Task directions: From the first line to the last, copy the listing exactly and omit the images.

Data provided:
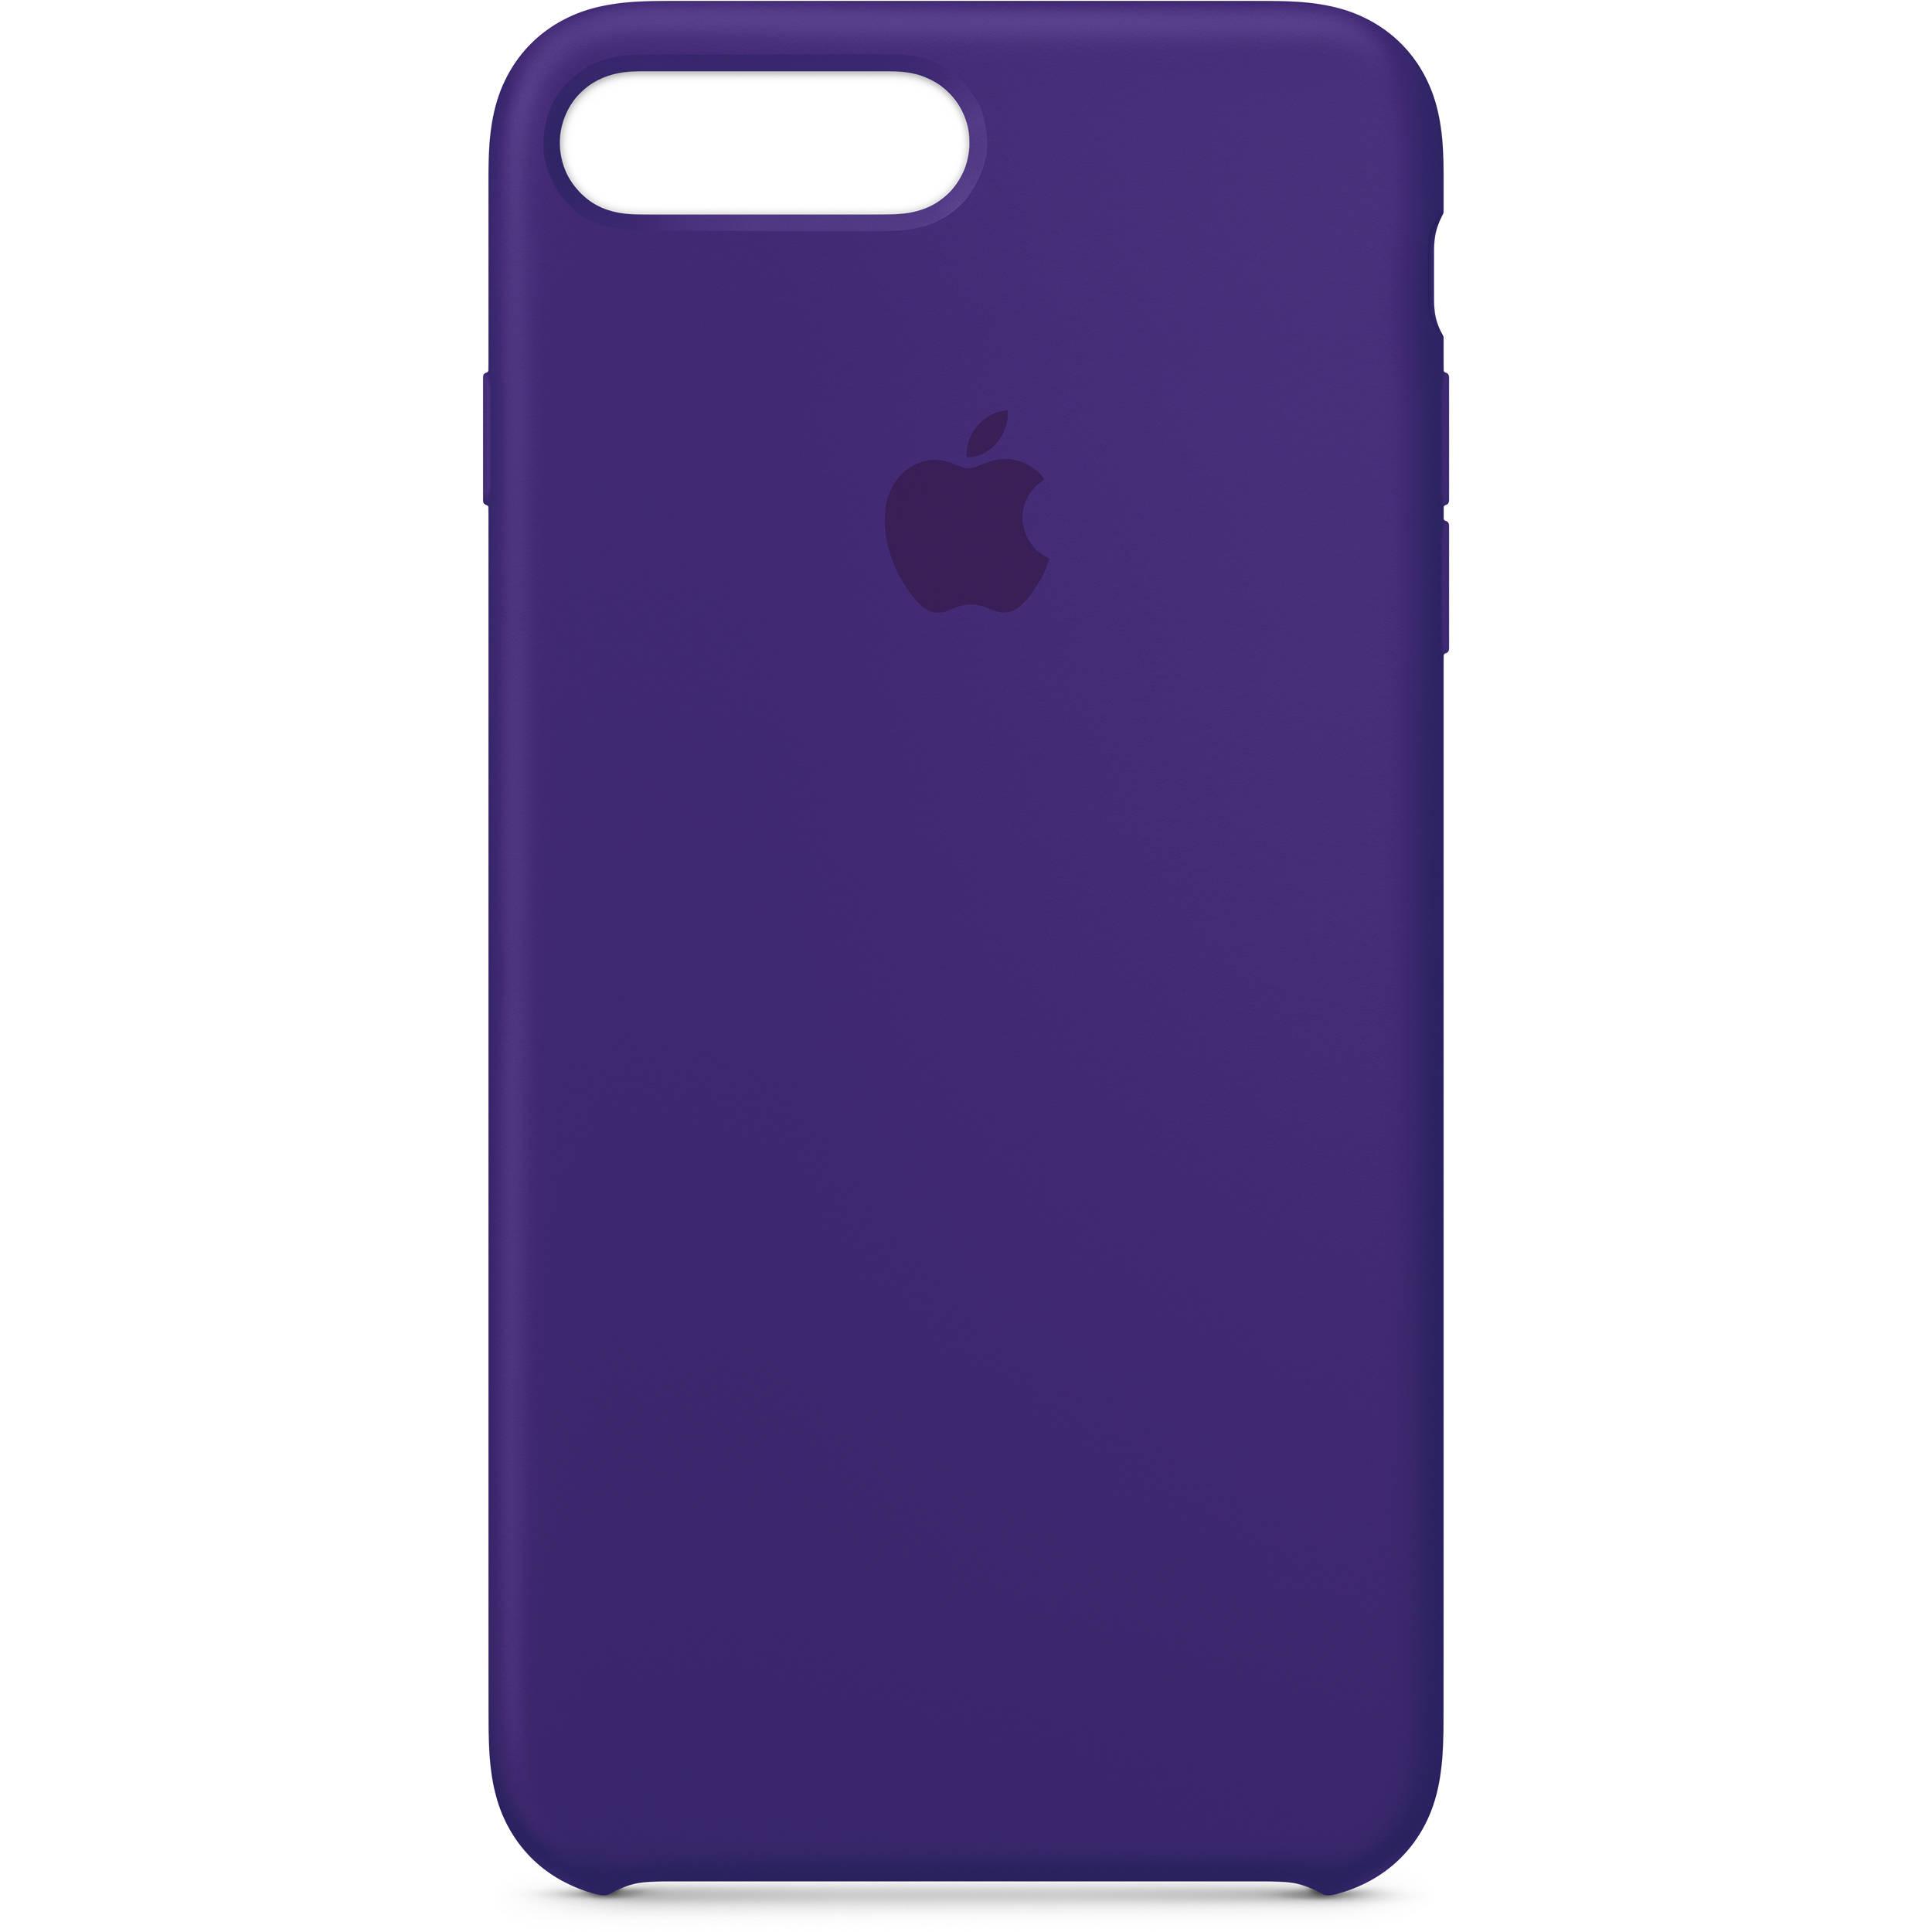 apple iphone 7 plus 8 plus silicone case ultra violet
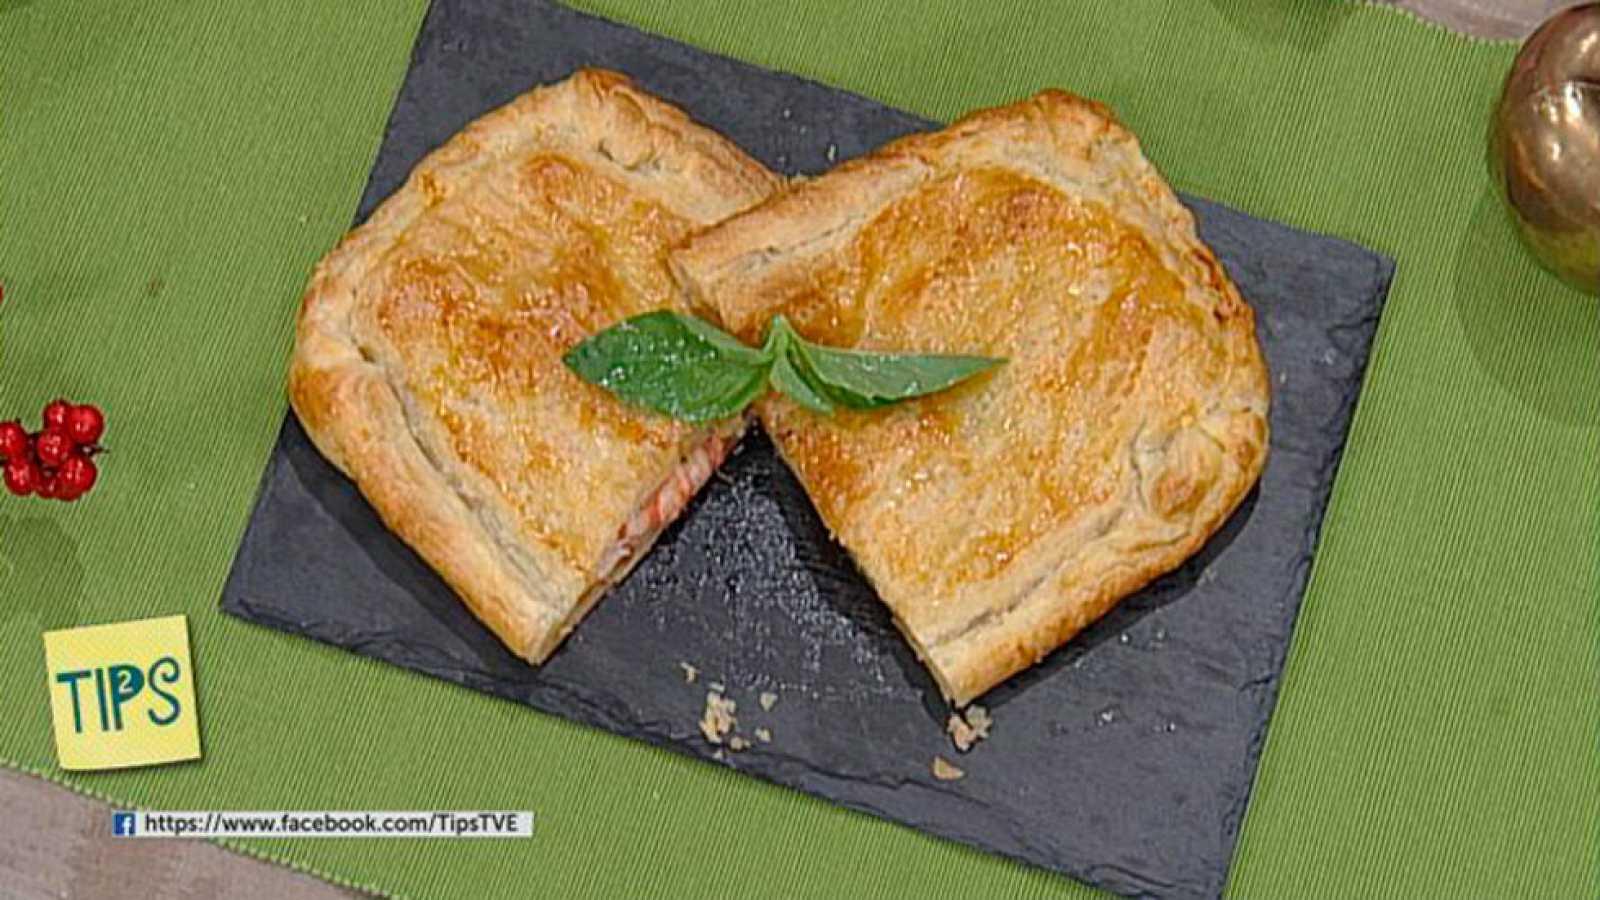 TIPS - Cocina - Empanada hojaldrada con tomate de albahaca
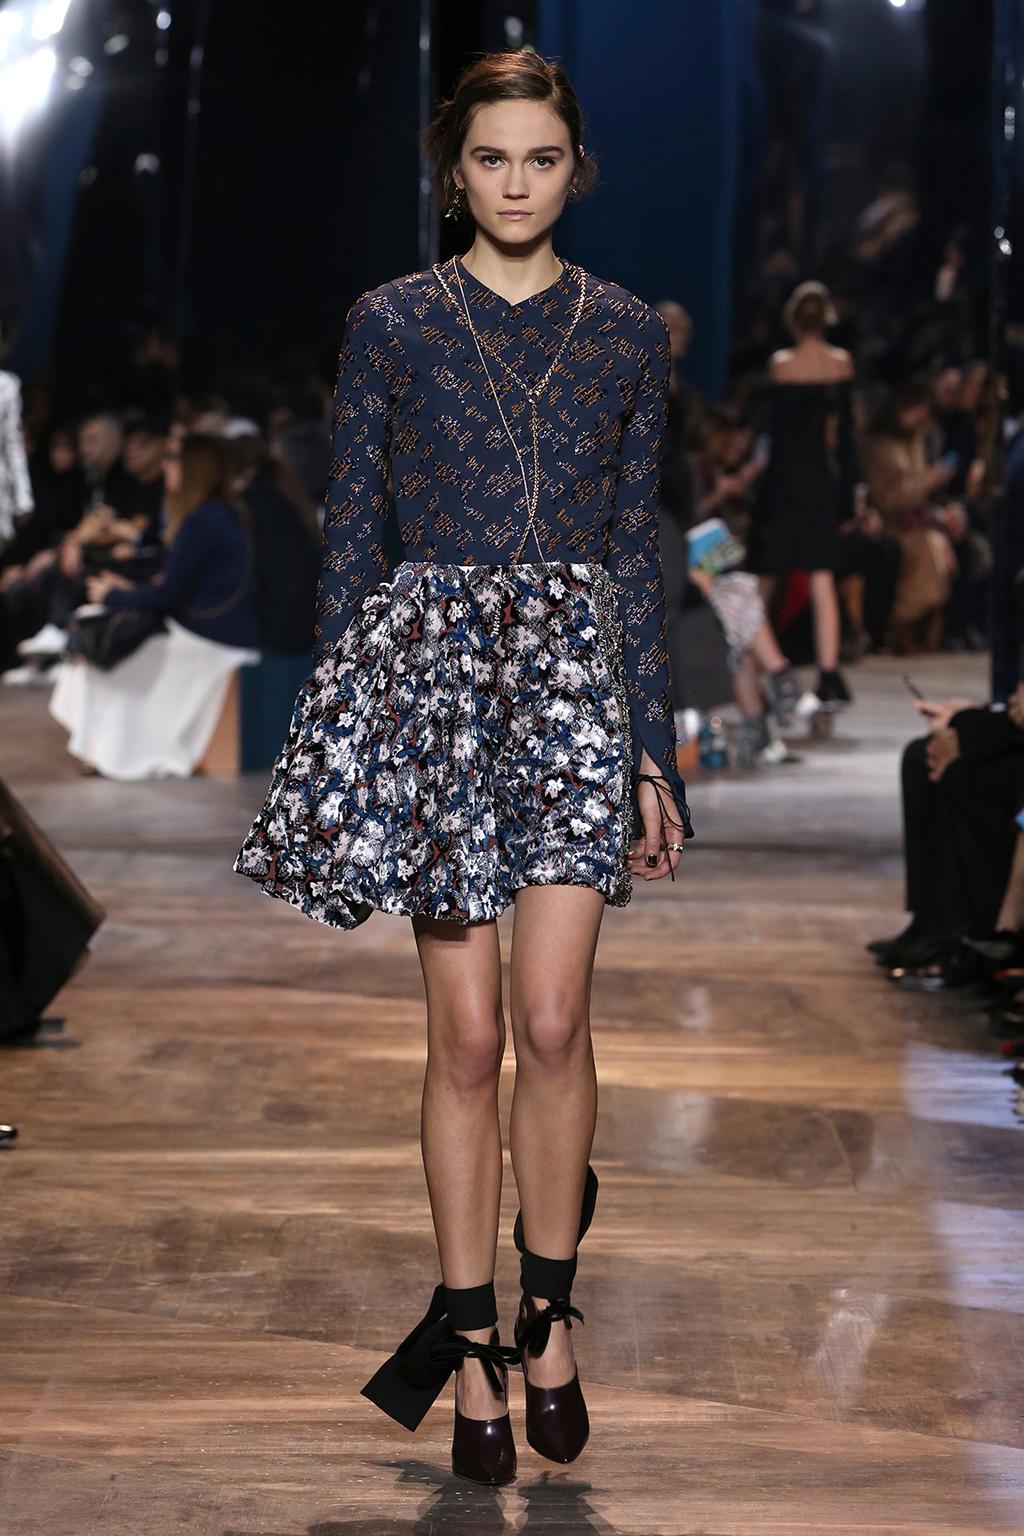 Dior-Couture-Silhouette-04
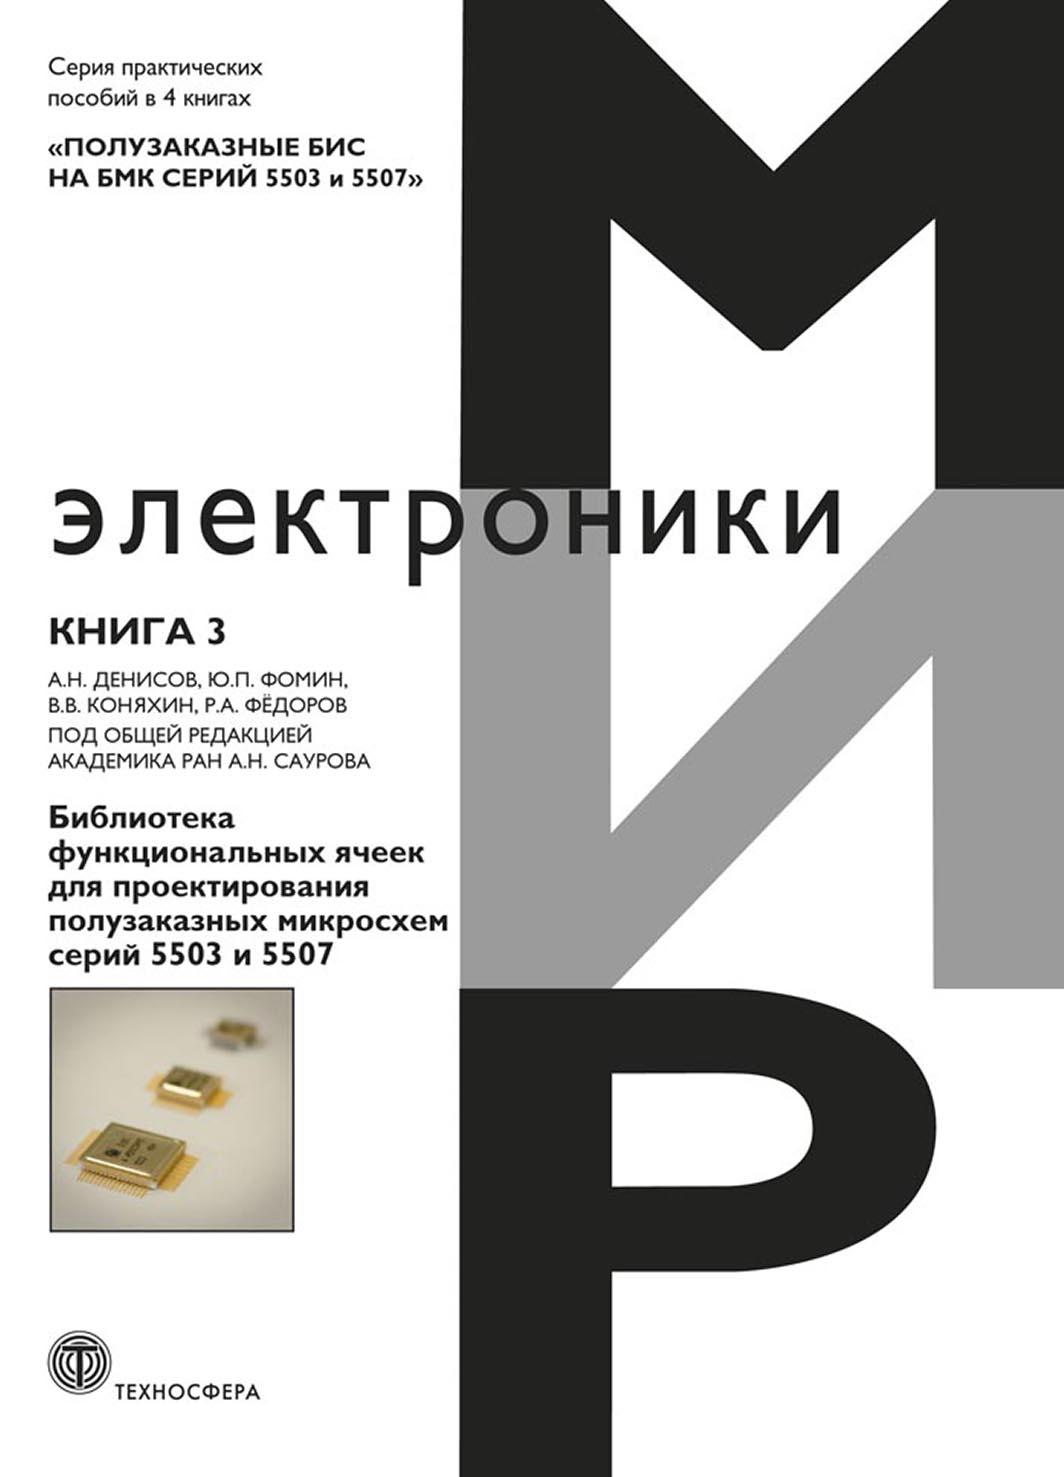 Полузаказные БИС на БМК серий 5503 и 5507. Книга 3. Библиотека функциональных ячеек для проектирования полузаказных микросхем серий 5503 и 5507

Response below:
 apple iphone 7 plus 8 plus silicone case ultra violet
 TIPS - Cocina - Empanada hojaldrada con tomate de albahaca
 Dior-Couture-Silhouette-04
 Полузаказные БИС на БМК серий 5503 и 5507. Книга 3. Библиотека функциональных ячеек для проектирования полузаказных микросхем серий 5503 и 5507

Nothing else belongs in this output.